[root@ovirt-node268 glusterfs]# rpm -qa | grep vdsm
vdsm-jsonrpc-4.16.20-0.el6.noarch
vdsm-gluster-4.16.20-0.el6.noarch
vdsm-xmlrpc-4.16.20-0.el6.noarch
vdsm-yajsonrpc-4.16.20-0.el6.noarch
vdsm-4.16.20-0.el6.x86_64
vdsm-python-zombiereaper-4.16.20-0.el6.noarch
vdsm-python-4.16.20-0.el6.noarch
vdsm-cli-4.16.20-0.el6.noarch
Everything was fine last week, however, today various clients in the gluster cluster seem get "client quorum not met" periodically - when they get this they take one of the bricks offline - this causes VM's to be attempted to move - sometimes 20 at a time. That takes a long time :-(. I've tried disabling automatic migration and teh VM's get paused when this happens - resuming gets nothing at that point as the volumes mount on the server hosting the VM is not connected:
from rhev-data-center-mnt-glusterSD-ovirt-node268.la.taboolasyndication.com:_LADC-TBX-V02.log:
[2015-09-08 21:18:42.920771] W [MSGID: 108001] [afr-common.c:4043:afr_notify] 2-LADC-TBX-V02-replicate-2: Client-quorum is not met
[2015-09-08 21:18:42.931751] I [fuse-bridge.c:4900:fuse_thread_proc] 0-fuse: unmounting /rhev/data-center/mnt/glusterSD/ovirt-node268.la.taboolasyndication.com:_LADC-TBX-V02
[2015-09-08 21:18:42.931836] W [glusterfsd.c:1219:cleanup_and_exit] (-->/lib64/libpthread.so.0(+0x7a51) [0x7f1bebc84a51] -->/usr/sbin/glusterfs(glusterfs_sigwaiter+0xcd) [0x405e4d] -->/usr/sbin/glusterfs(cleanup_and_exit+0x
65) [0x4059b5] ) 0-: received signum (15), shutting down
[2015-09-08 21:18:42.931858] I [fuse-bridge.c:5595:fini] 0-fuse: Unmounting '/rhev/data-center/mnt/glusterSD/ovirt-node268.la.taboolasyndication.com:_LADC-TBX-V02'.

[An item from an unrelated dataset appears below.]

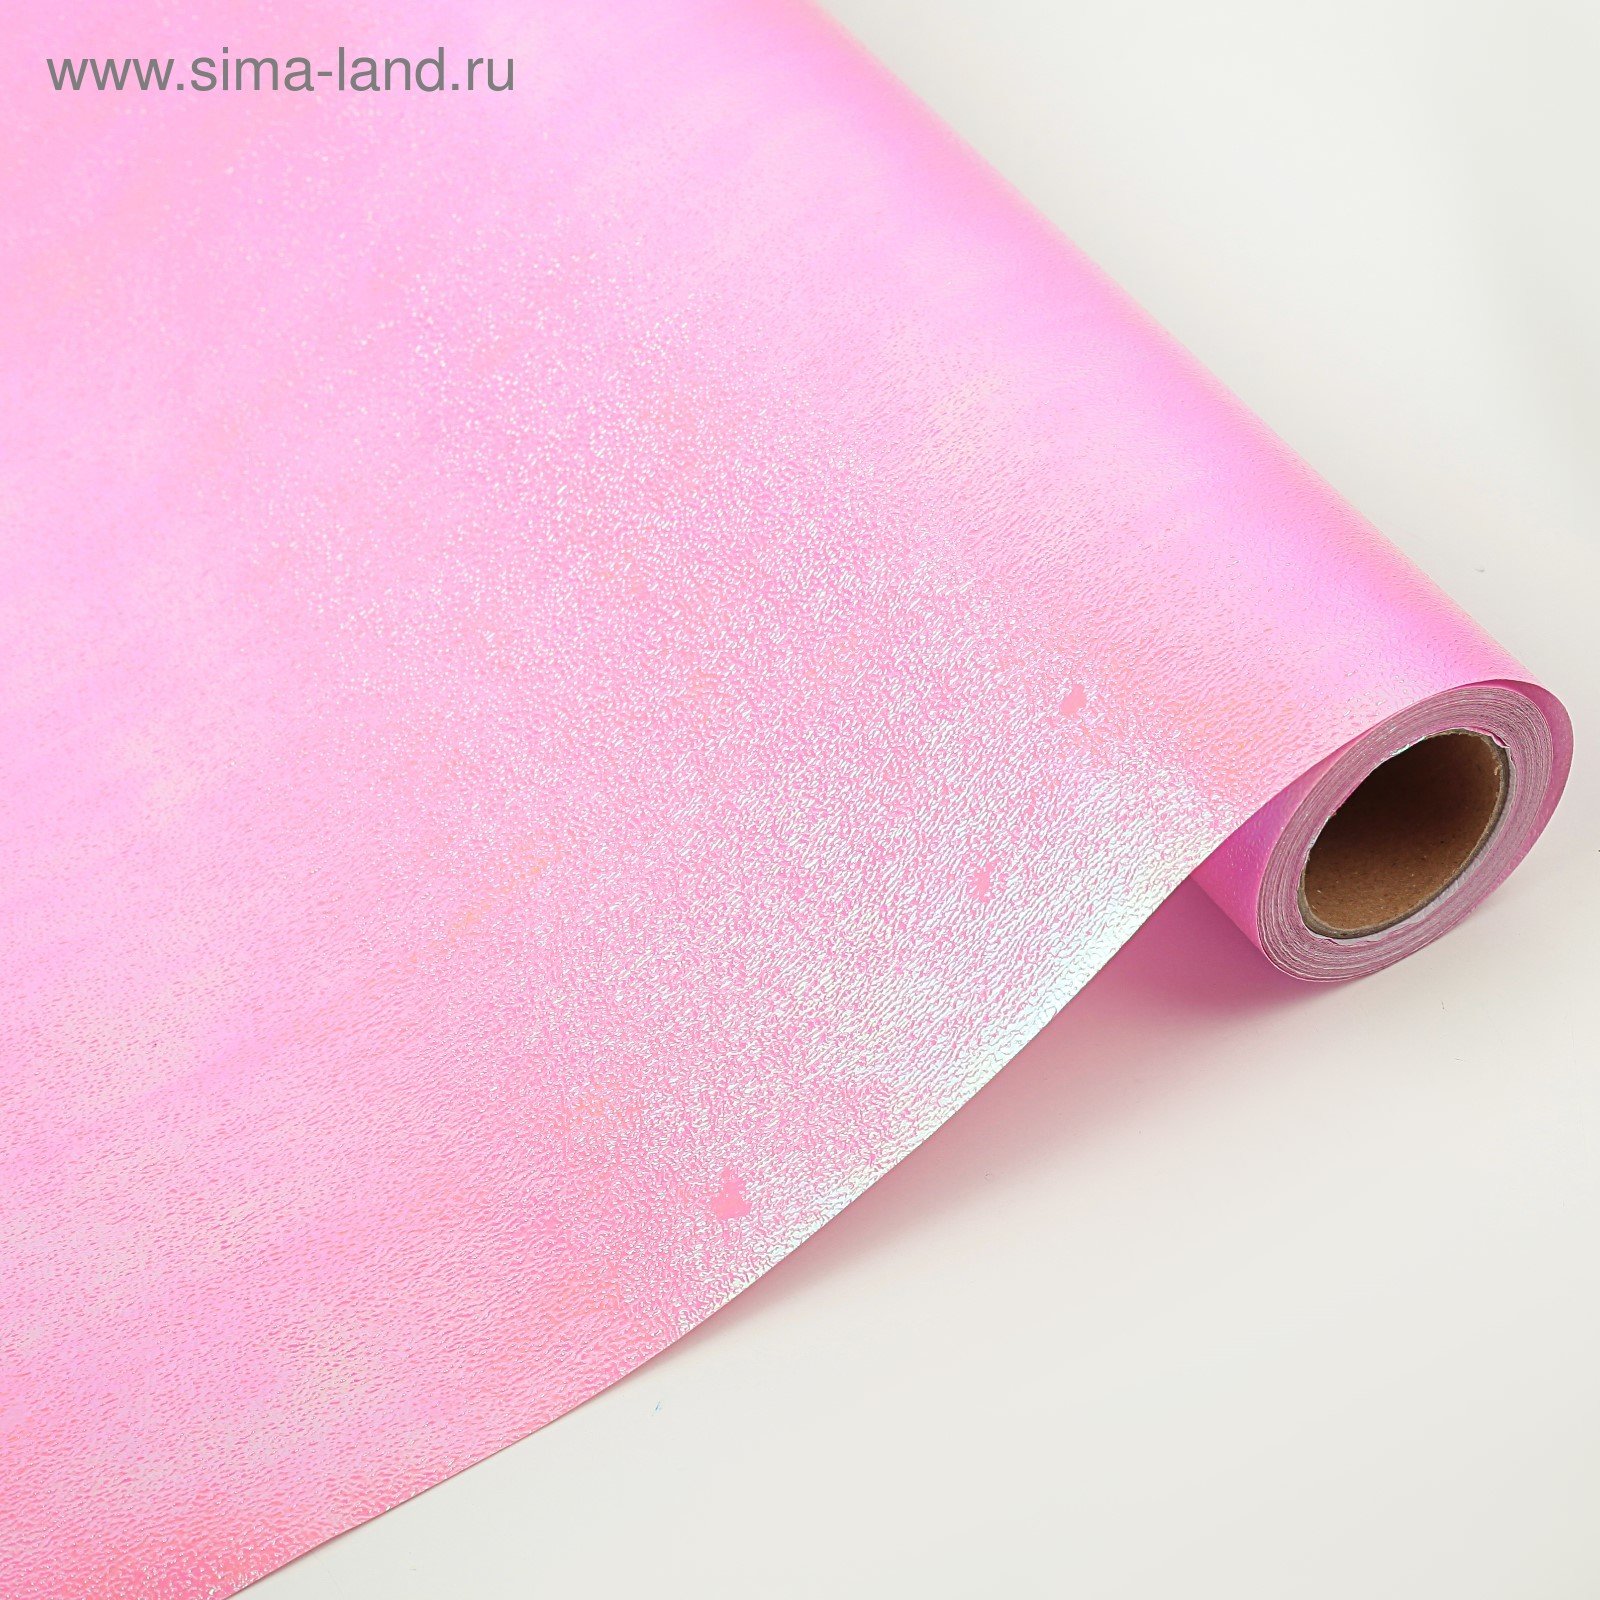 Перламутровая пленка. Бумага упаковочная. Оберточная бумага розовая. Упаковочная бумага розовая. Пленка самоклеющаяся розовая.

And the mount is broken at that point:
[root@ovirt-node267 ~]# df
df: `/rhev/data-center/mnt/glusterSD/ovirt-node268.la.taboolasyndication.com:_LADC-TBX-V02': Transport endpoint is not connected
Filesystem 1K-blocks Used Available Use% Mounted on
/dev/sda3 51475068 1968452 46885176 5% /
tmpfs 132210244 0 132210244 0% /dev/shm
/dev/sda2 487652 32409 429643 8% /boot
/dev/sda1 204580 260 204320 1% /boot/efi
/dev/sda5 1849960960 156714056 1599267616 9% /data1
/dev/sdb1 1902274676 18714468 1786923588 2% /data2
ovirt-node268.la.taboolasyndication.com:/LADC-TBX-V01
9249804800 727008640 8052899712 9% /rhev/data-center/mnt/glusterSD/ovirt-node268.la.taboolasyndication.com:_LADC-TBX-V01
ovirt-node251.la.taboolasyndication.com:/LADC-TBX-V03
1849960960 73728 1755907968 1% /rhev/data-center/mnt/glusterSD/ovirt-node251.la.taboolasyndication.com:_LADC-TBX-V03
The fix for that is to put the server in maintenance mode then activate it again. But all VM's need to be migrated or stopped for that to work.